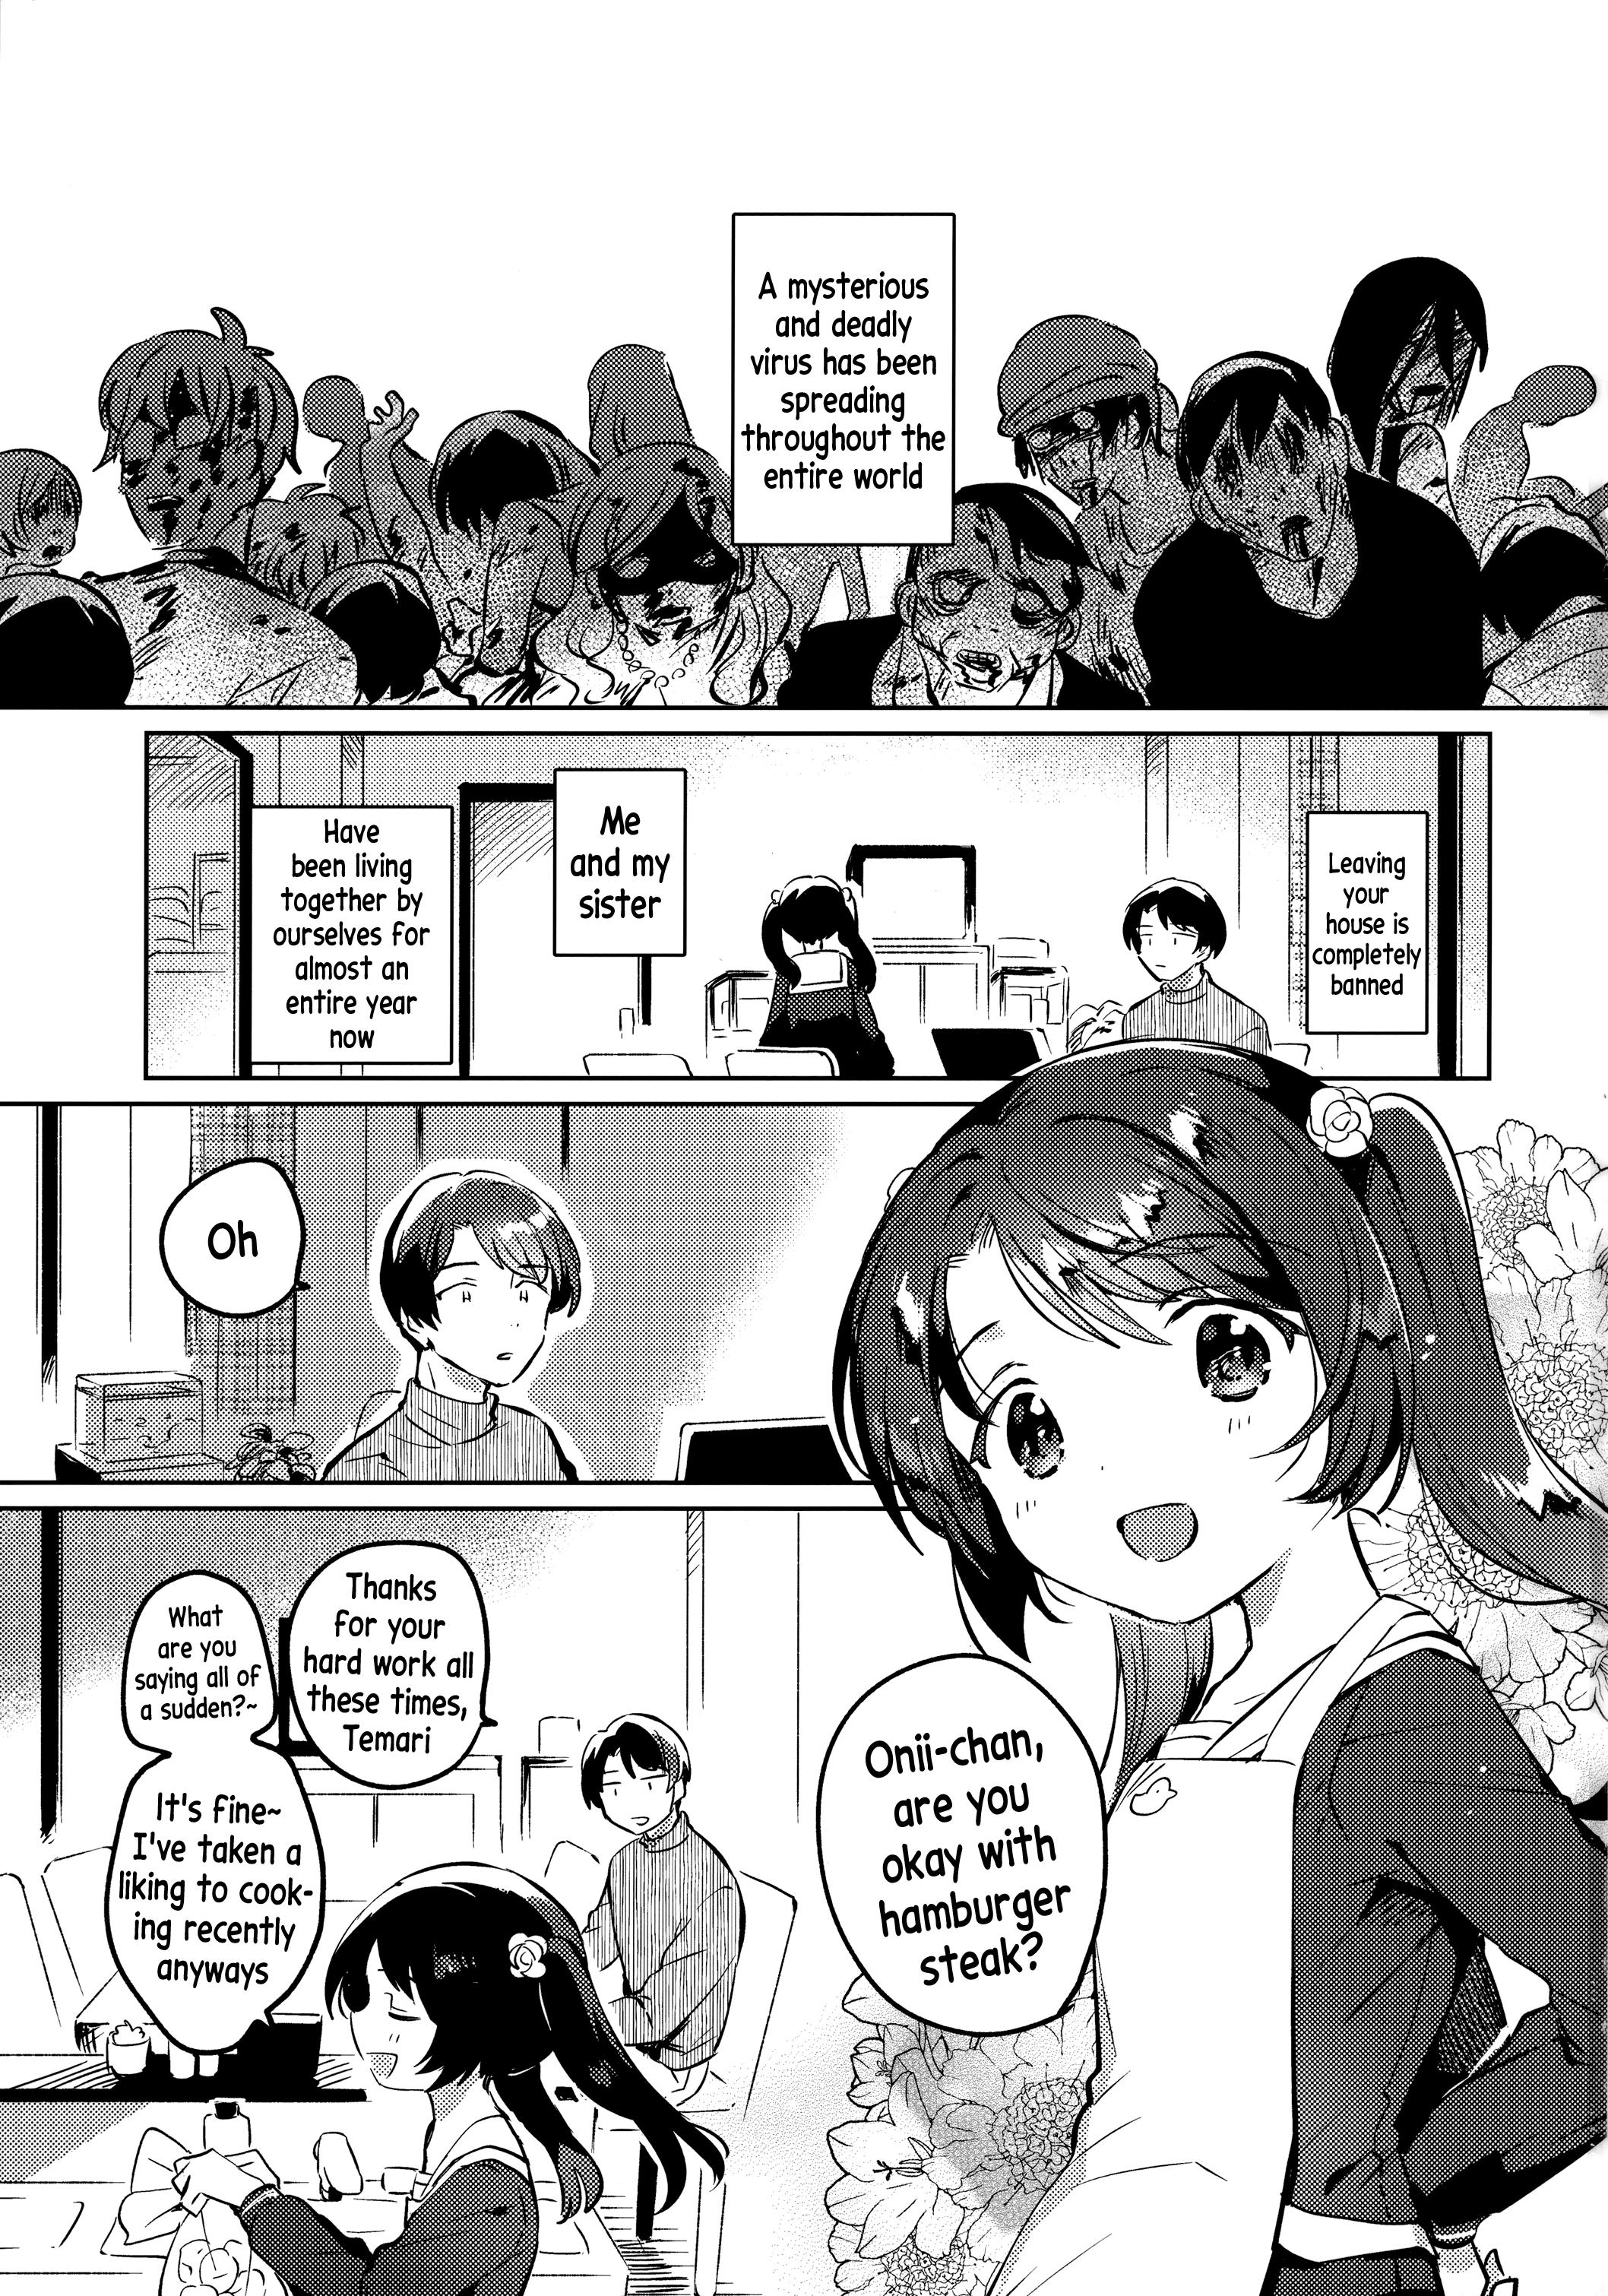 Page 3 | Imouto to Lockdown - Original Hentai Doujinshi by Squeeze Candy  Heaven - Pururin, Free Online Hentai Manga and Doujinshi Reader
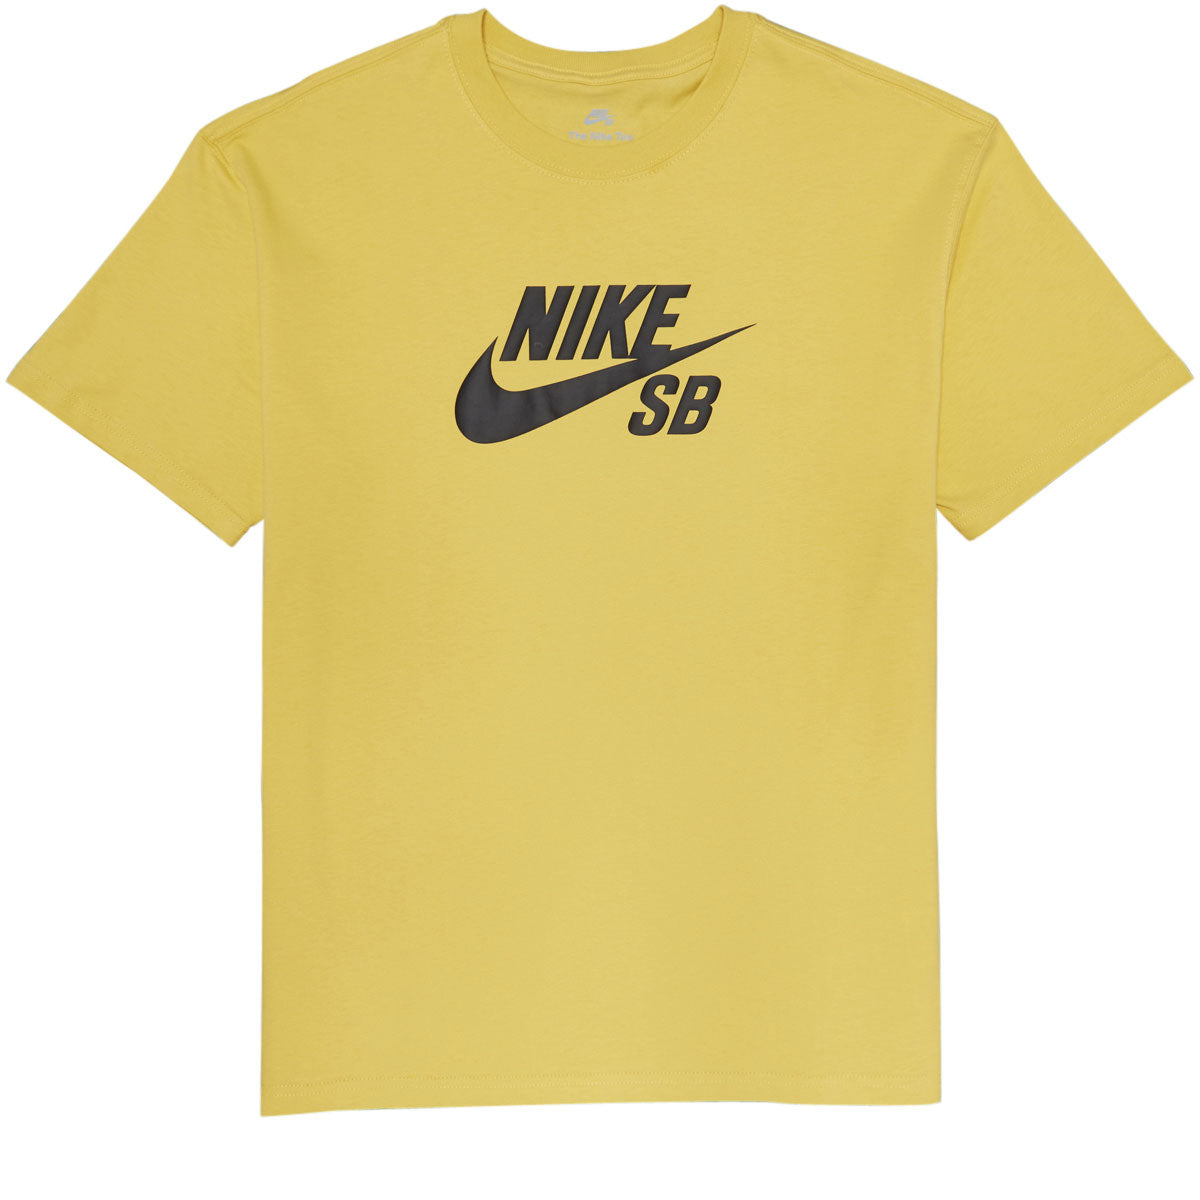 Nike SB Logo T-Shirt - Saturn Gold image 1
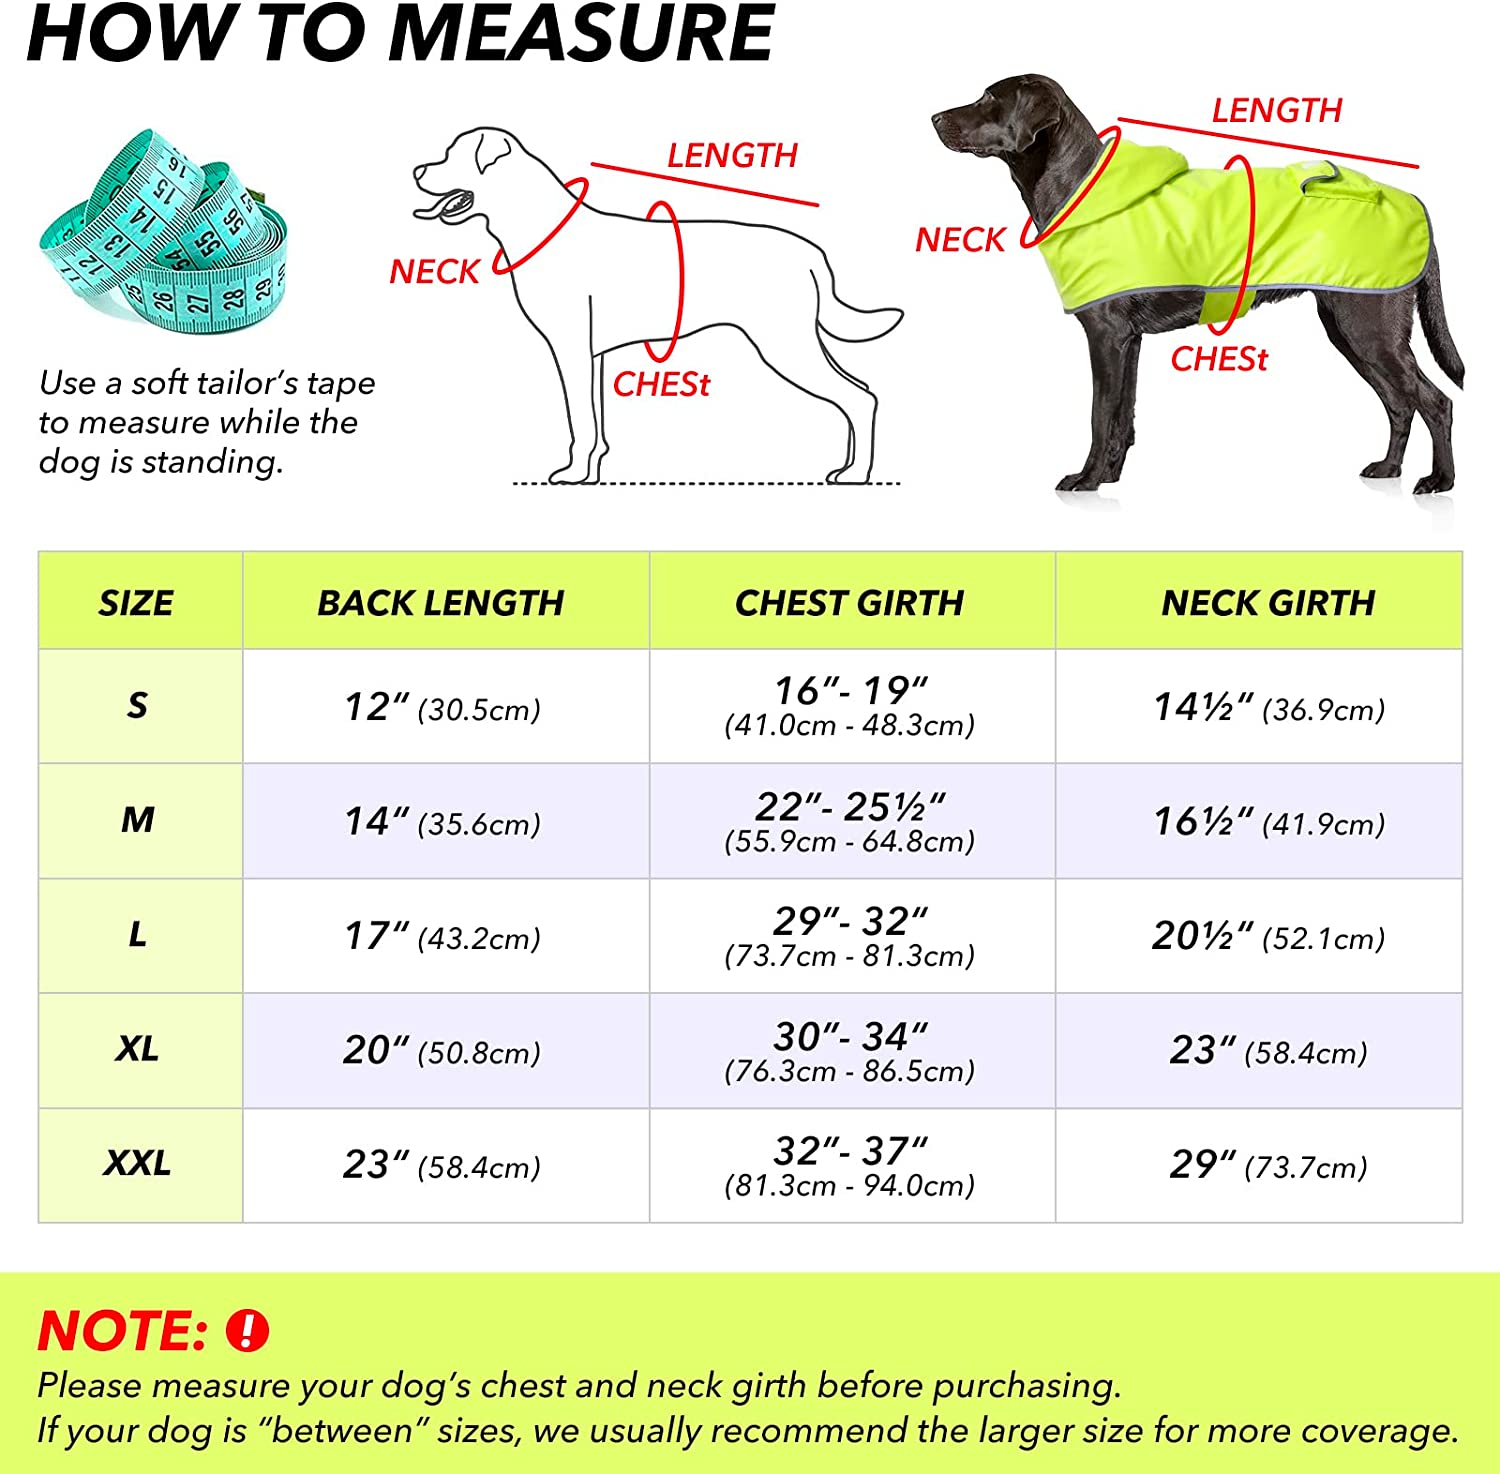 BSEEN Reversible Dog Raincoat, Adjustable Reflective Stripe Hooded, Waterproof Dog Rain Jacket for Large Dogs - BSEEN Direct

• [Exercise description]:
Take the lines from the one containing "Nike SB Logo T-Shirt - Saturn Gold image 1" through the last line of the listing and repeat them exactly. Omit the pictures.

• [Output of the exercise]:
 Nike SB Logo T-Shirt - Saturn Gold image 1
 BSEEN Reversible Dog Raincoat, Adjustable Reflective Stripe Hooded, Waterproof Dog Rain Jacket for Large Dogs - BSEEN Direct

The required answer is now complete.